EU rejects Czech TV transition subsidy over state-aid rules
The European Commission determined that a Czech measure providing financial compensation to DVB-T2 terrestrial television platform operators transitioning from DVB-T/MPEG-2 to DVB-T2/HEVC standards constituted illegal state aid. The Commission found the aid lacked an incentive effect, conferred an undue advantage, and was selective, benefiting only DTT operators over other competing technologies such as satellite, cable, or IPTV.
Key Takeaways
- The measure covered three digital terrestrial broadcasting operators and a final budget of CZK 473,391,429, or about EUR 18 million.
- Eligible costs included CAPEX amortisation for transmitters, multiplexors, head-end equipment, cooling, GPS receivers, and UPS, plus direct OPEX such as power and maintenance.
- The Commission said the EPaC Decision did not require Czechia to provide compensation, so the measure was attributable to the state.

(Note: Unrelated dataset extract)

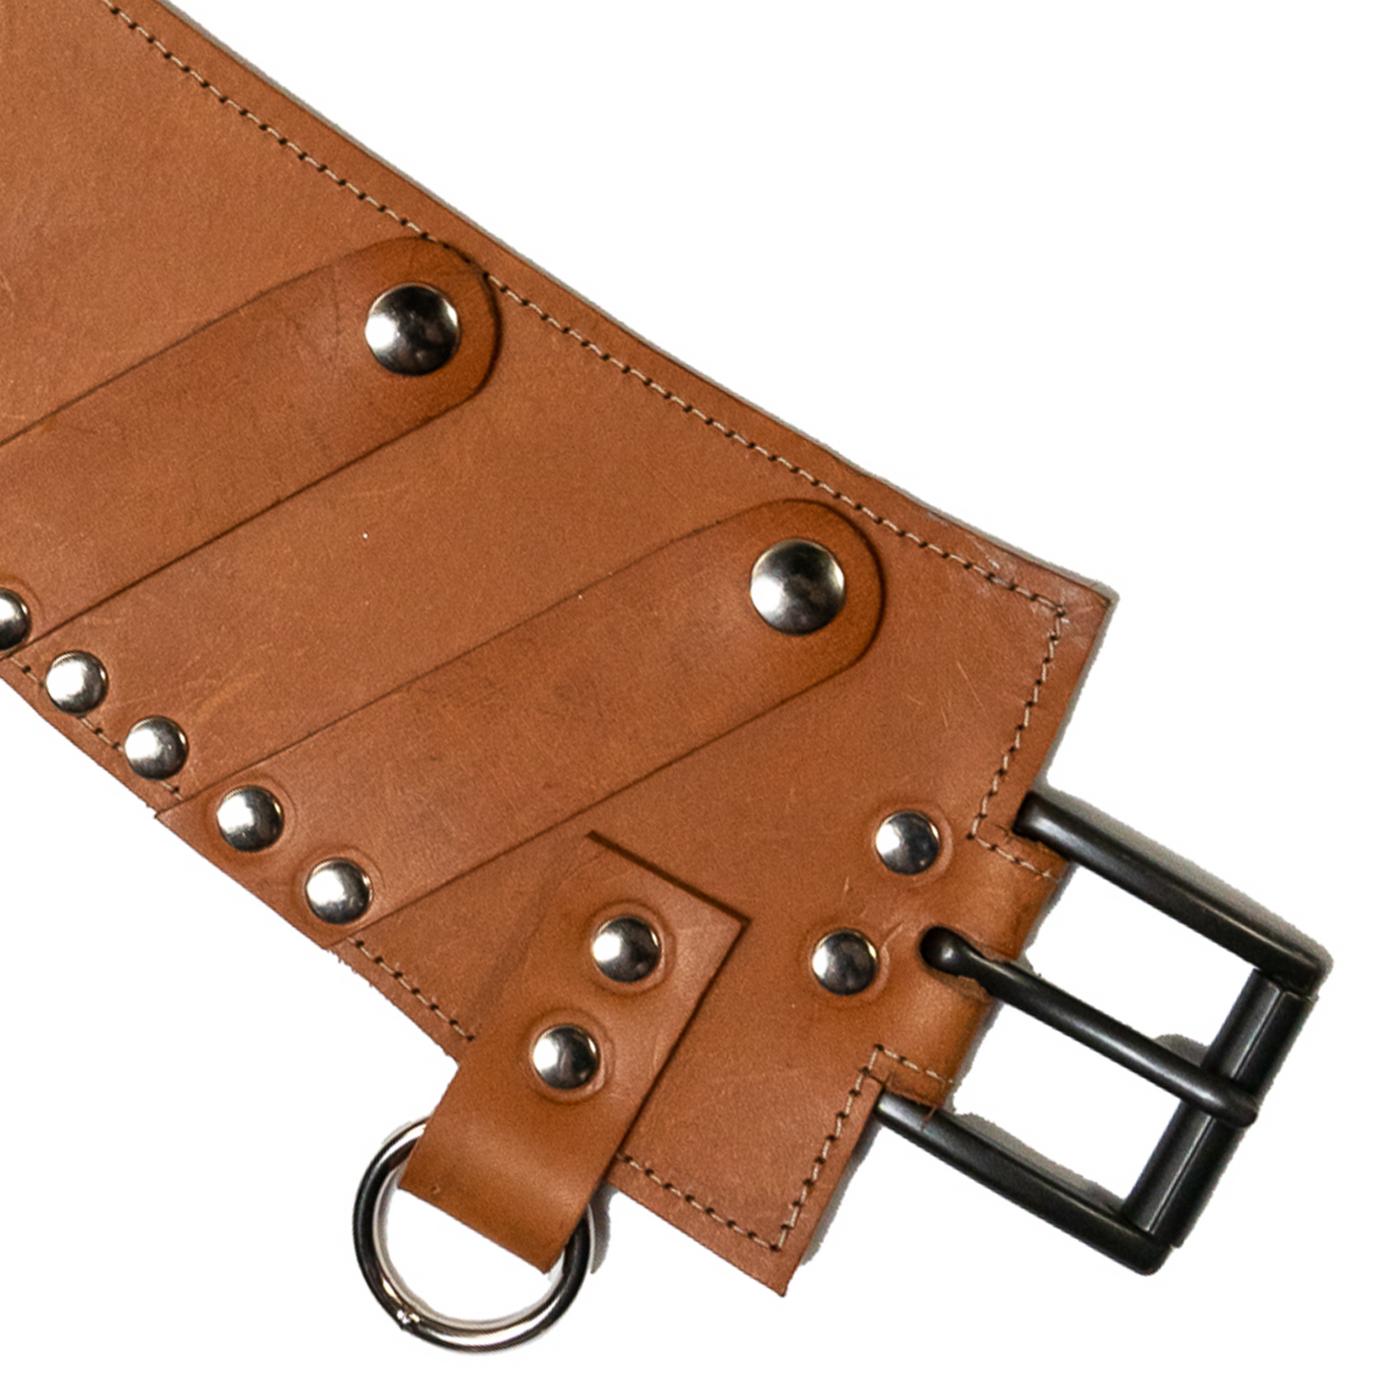 Real Leather Bandolier

- The Commission found the aid conferred an advantage because it relieved operators of costs they had to bear themselves.

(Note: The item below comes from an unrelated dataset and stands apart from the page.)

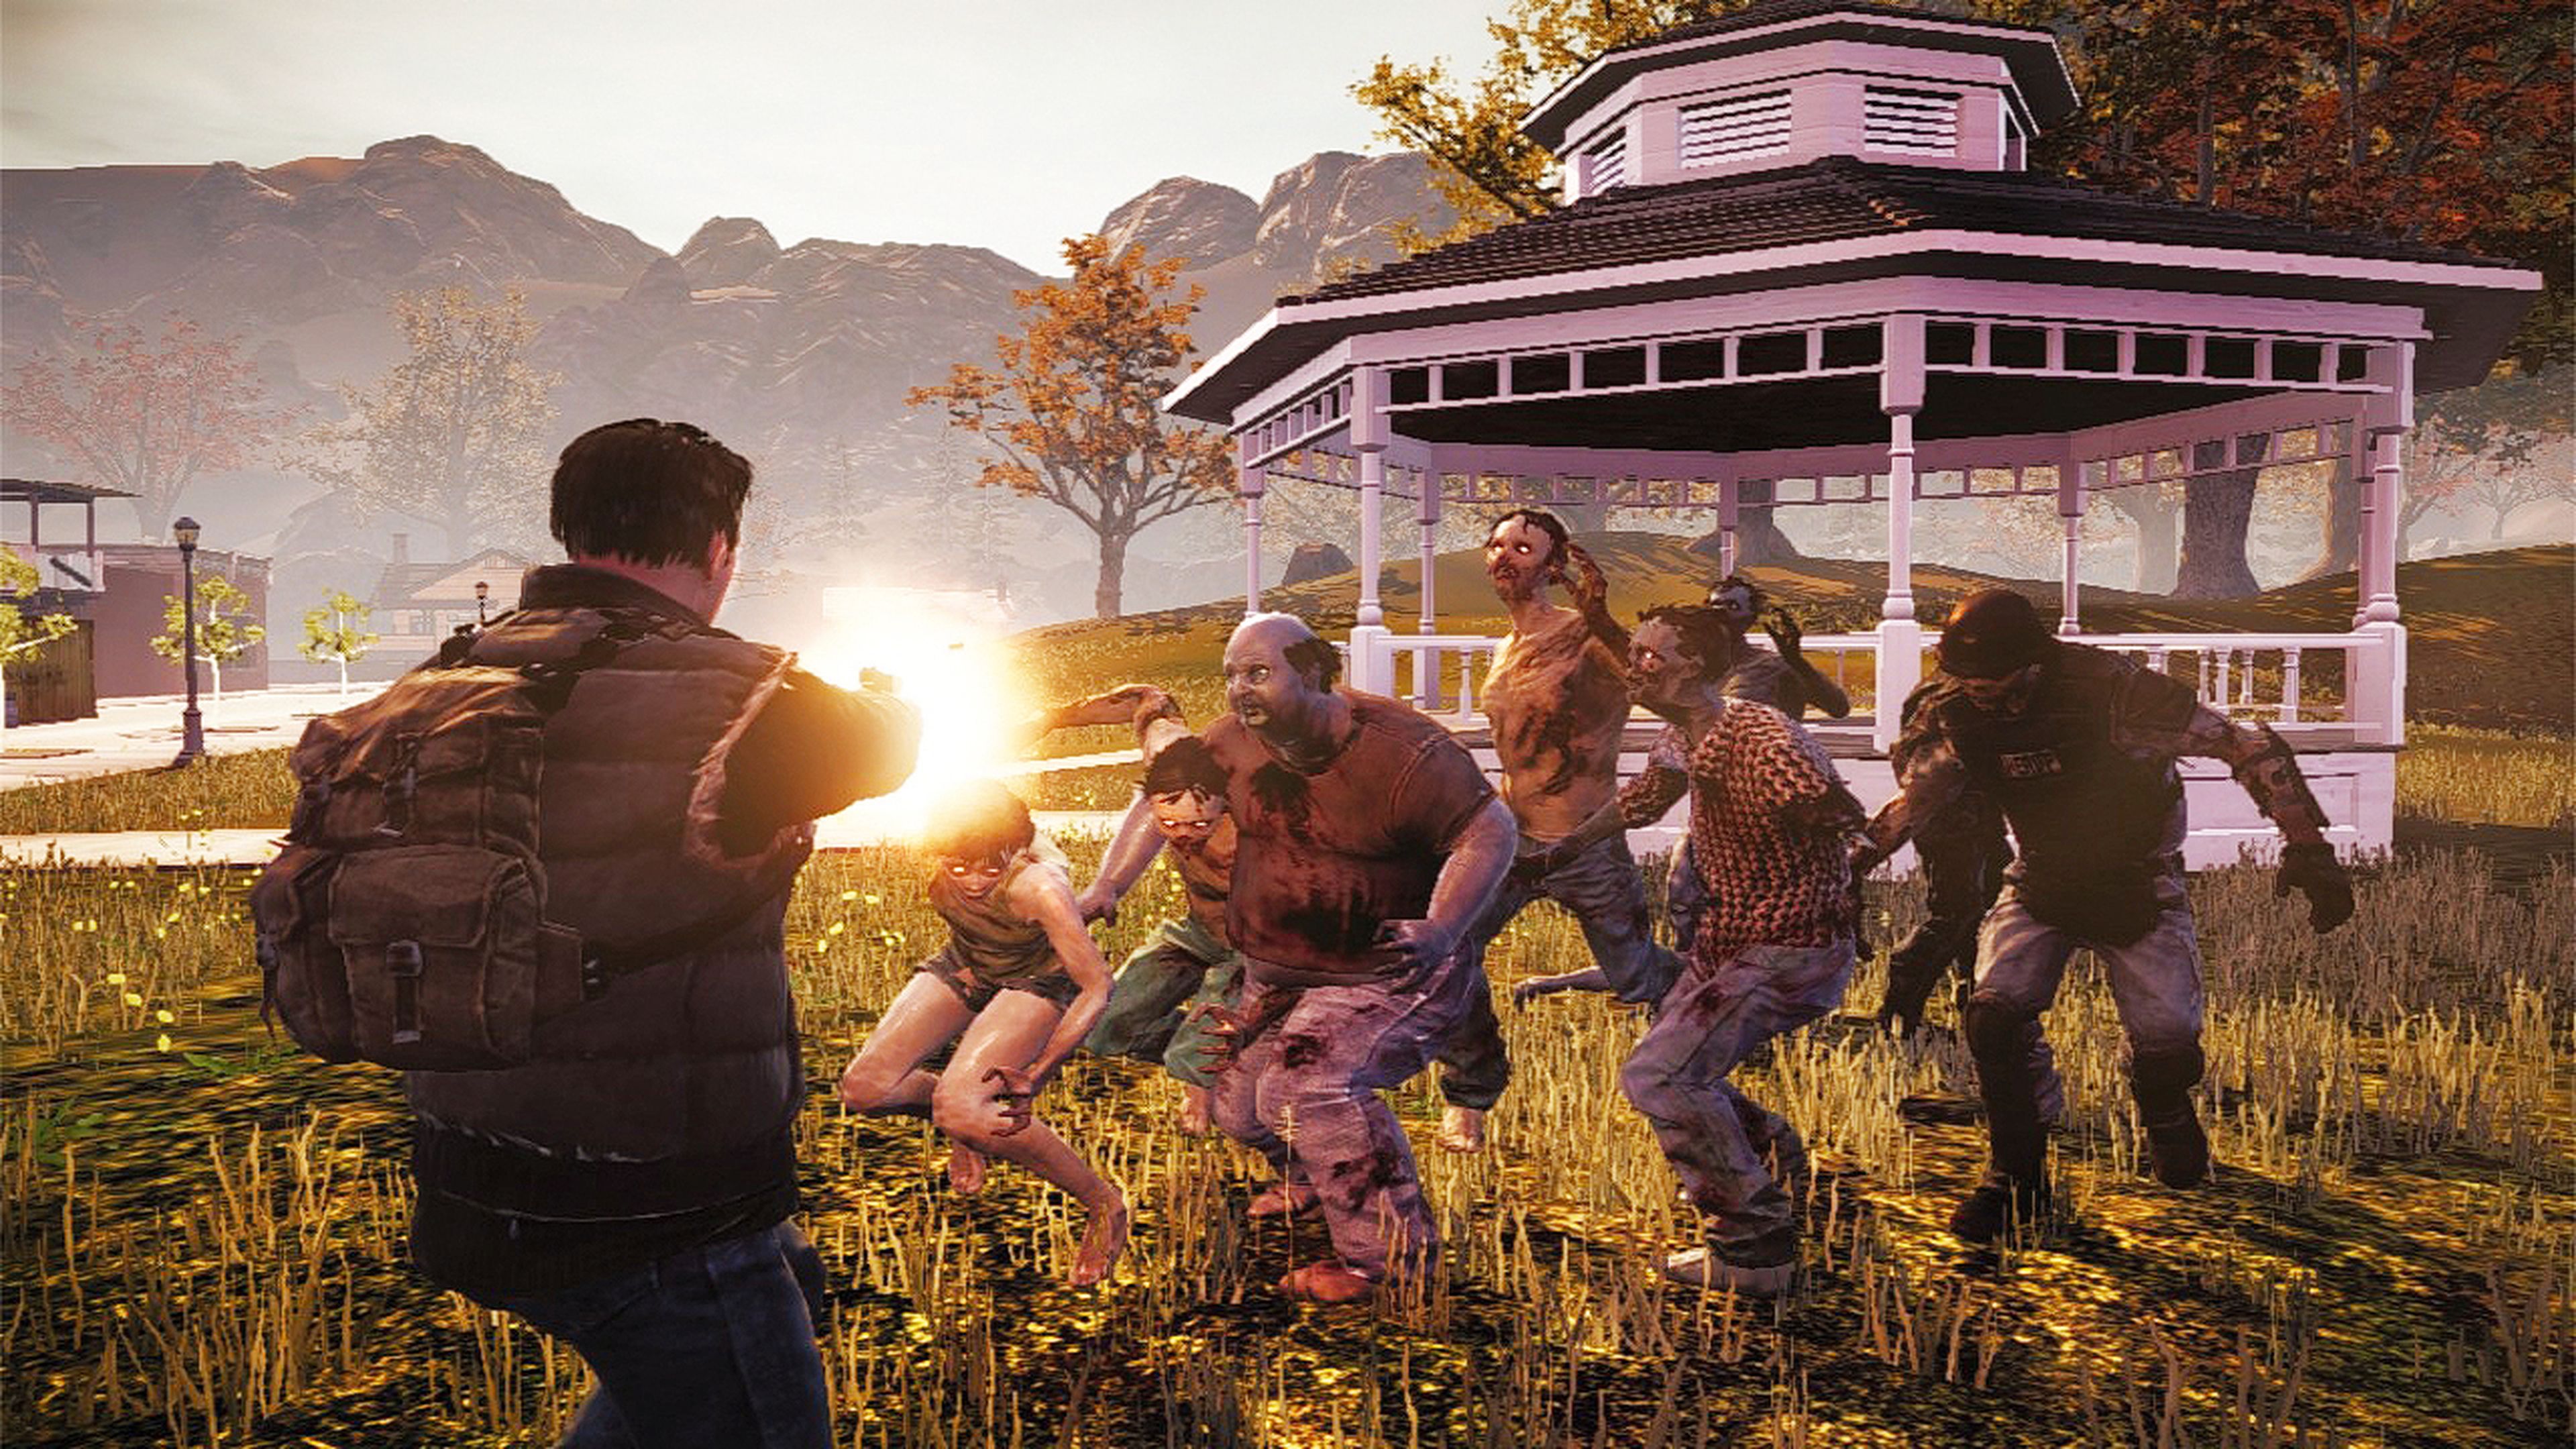 Представлены игры такие как. State of Decay 2. State of Decay Xbox 360. State of Decay 1.

- The Commission said the measure was selective because satellite, cable, and IPTV operators were not compensated for comparable upgrade and simulcast costs.
Why It Matters
The immediate issue is that the Commission treated compensation for a regulatory transition as state aid, not as a neutral reimbursement of compliance costs. That matters because the decision narrows how far Member States can go when offsetting network migration expenses tied to spectrum policy. The broader ecosystem angle is that the Commission explicitly compared DTT with satellite, cable, and IPTV, and said those platforms were substitutable for TV transmission. What to watch next: the separate Commission assessment of compatibility and the reasons it prohibited implementation, which the article says will be covered in Part II.